I don't use any benchmarking library since C is compiled, raw and nothing much from the compiler. It's just plain C.

...
  int uuid_generated = 1000000;
  int i;
  char uuid_buf[UUID4_LEN];
  float elapsed;

  start_timer();
  for (i = 0; i < uuid_generated; i++){
    uuid4_generate(uuid_buf);
  }
  elapsed = stop_timer();

  printf("%.2fms\n", elapsed);
...

Result: 107.87ms

Summary

I run all the benchmarks using the benchmarking tools found in each language. In C#, Java, and Rust I use kind of consume, which eliminate compiler/runtime dead-code elimination. It's one kind of compiler optimization for unused values, so I put the values returned inside the consume function/method.

For other benchmarks without consume functions, I use something similar like in Go using runtime.KeepAlive, or using global variable to put values into.

Since values returned are kind of randomized, the constant folding from putting inside global var should be eliminated.

From the results we can see the winner is Rust with fast-rng feature running for 17.81ms. Feature fast-rng use rand crate, while default one use getrandom crate inside. Crate getrandom get the random values from system resource(syscall).

Go happen to increase in performance from 1.22 to 1.23 with 2-3 times improve.

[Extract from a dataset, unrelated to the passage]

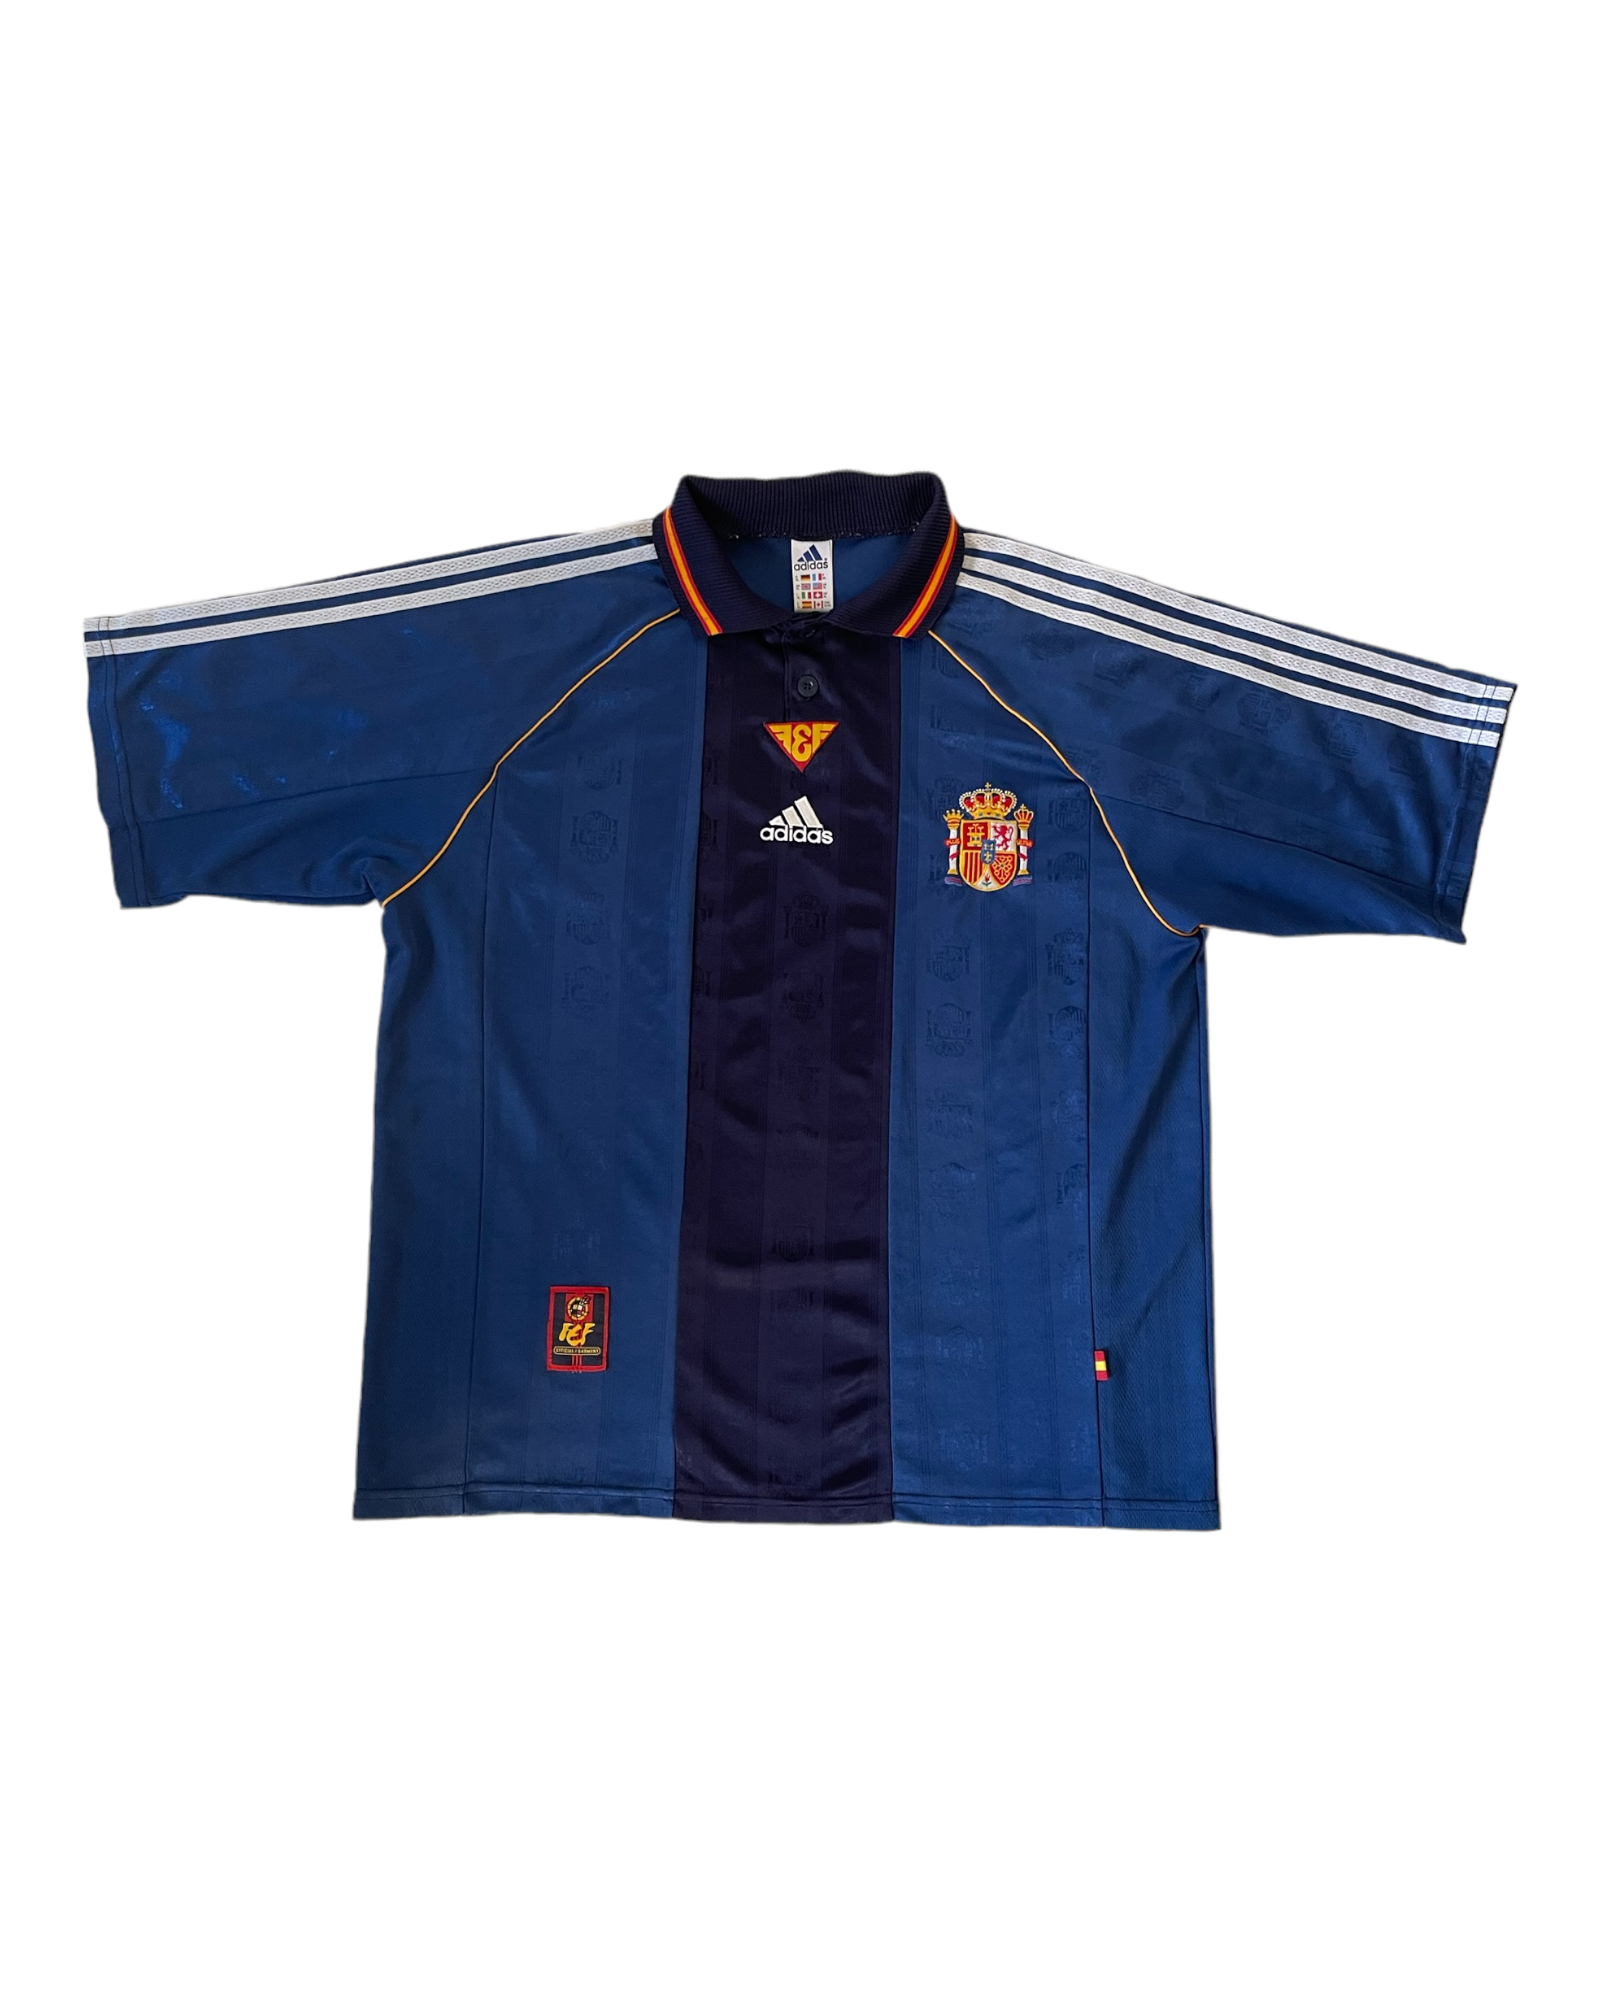 Spain Adidas 1998 - 1999 Away Third Football Shirt Size XL Made in England Blue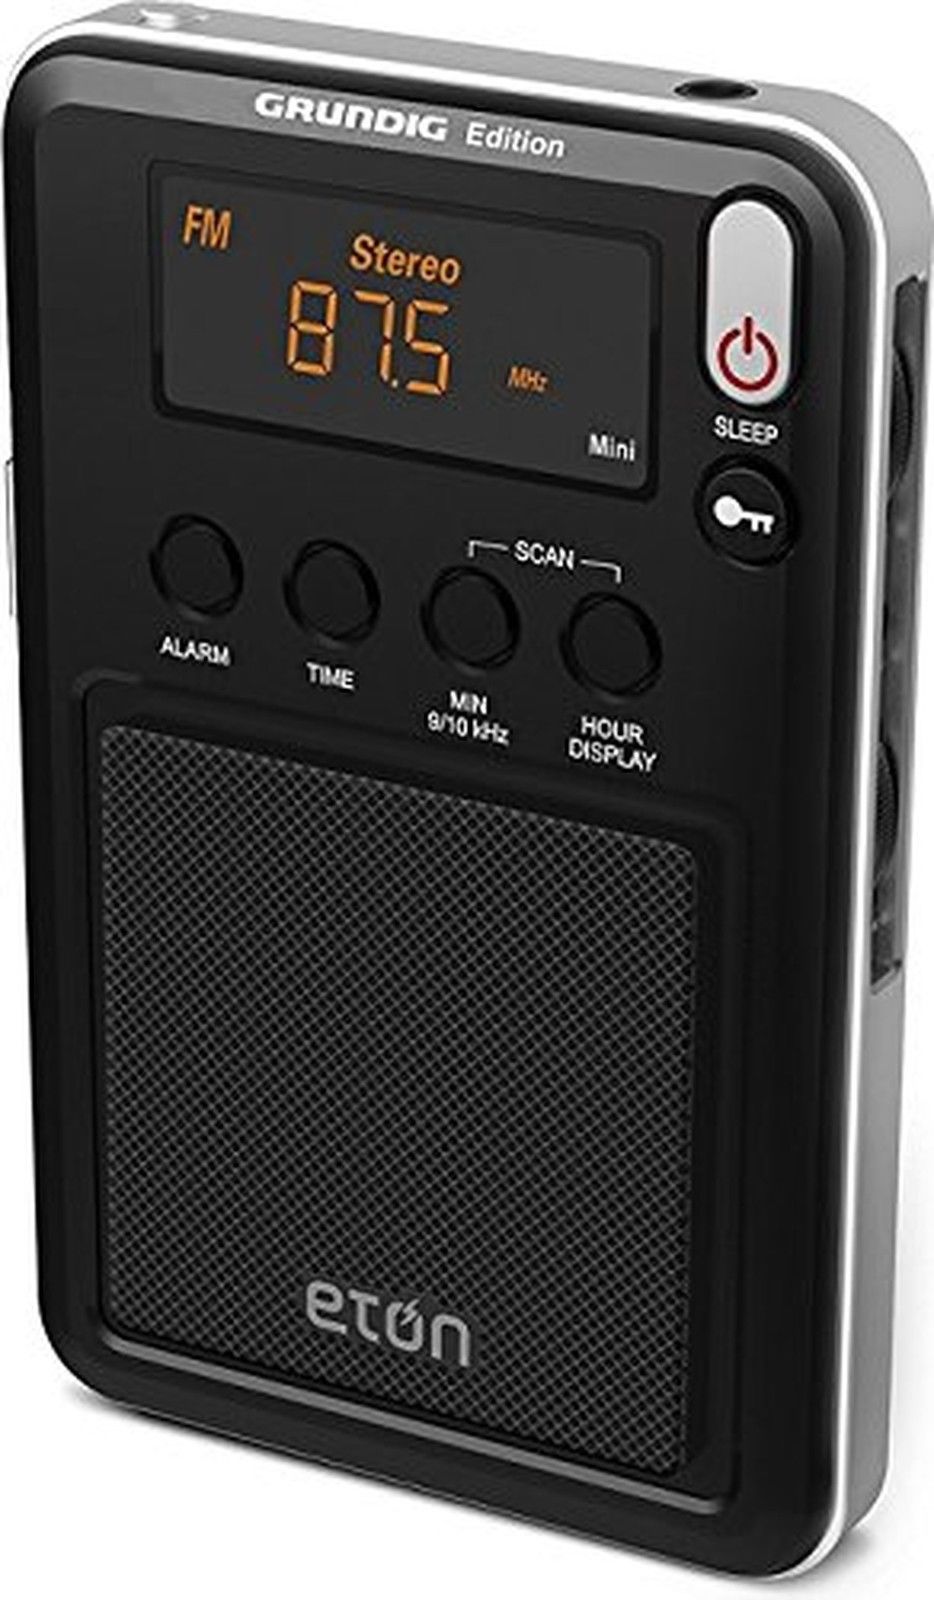 Đài radio cầm tay Grundig Edition Mini - AM/FM/Shortwave - Hitech USA

All libraries in 1.22 result around 1.30s and 437.33ms in 1.23. Generating with fastuuid(not random) is the fastest for Go, but I won't consider it since it's not random and less secure.

Language	Mean
C#	280.4ms
Java 11.0.25	230.76ms
Java 17.0.13	231.51ms
Java 21.0.5	238.43ms
Java 23.0.1	227.97ms
Go 1.22 uuid	1.28s
Go 1.22 fastuuid(random)	1.34s
Go 1.22 go.uuid	1.30s
Go 1.22 fastuuid(not random)	49.94ms
Go 1.23 fastuuid(not random)	51.26ms
Go 1.23 uuid	412ms
Go 1.23 fastuuid(random)	485ms
Go 1.23 go.uuid	415ms
NodeJS 23.4.0 crypto	188.09ms
NodeJS 23.4.0 uuid	157.56ms
Ruby 3.2.2	2.3s
Python 3.13.1	2.6s
Rust 1.83.0 uuid default	1.06s
Rust 1.83.0 uuid fast-rng	17.81ms
C Clang 16.0.0	107.87ms

Generating 1 Million UUIDs(lower is better)

This microbenchmark only show a fraction of realtime long running systems. There could be more adjustments/optimizations happening depends on workload and runtime configurations, expecially in languages running on top of virtual machines like C# and Java. There are many other considerations beside microbenchmark for whole big system. This atleast show performance of litle part of system which used to be in contentions specially for CPU bound operations.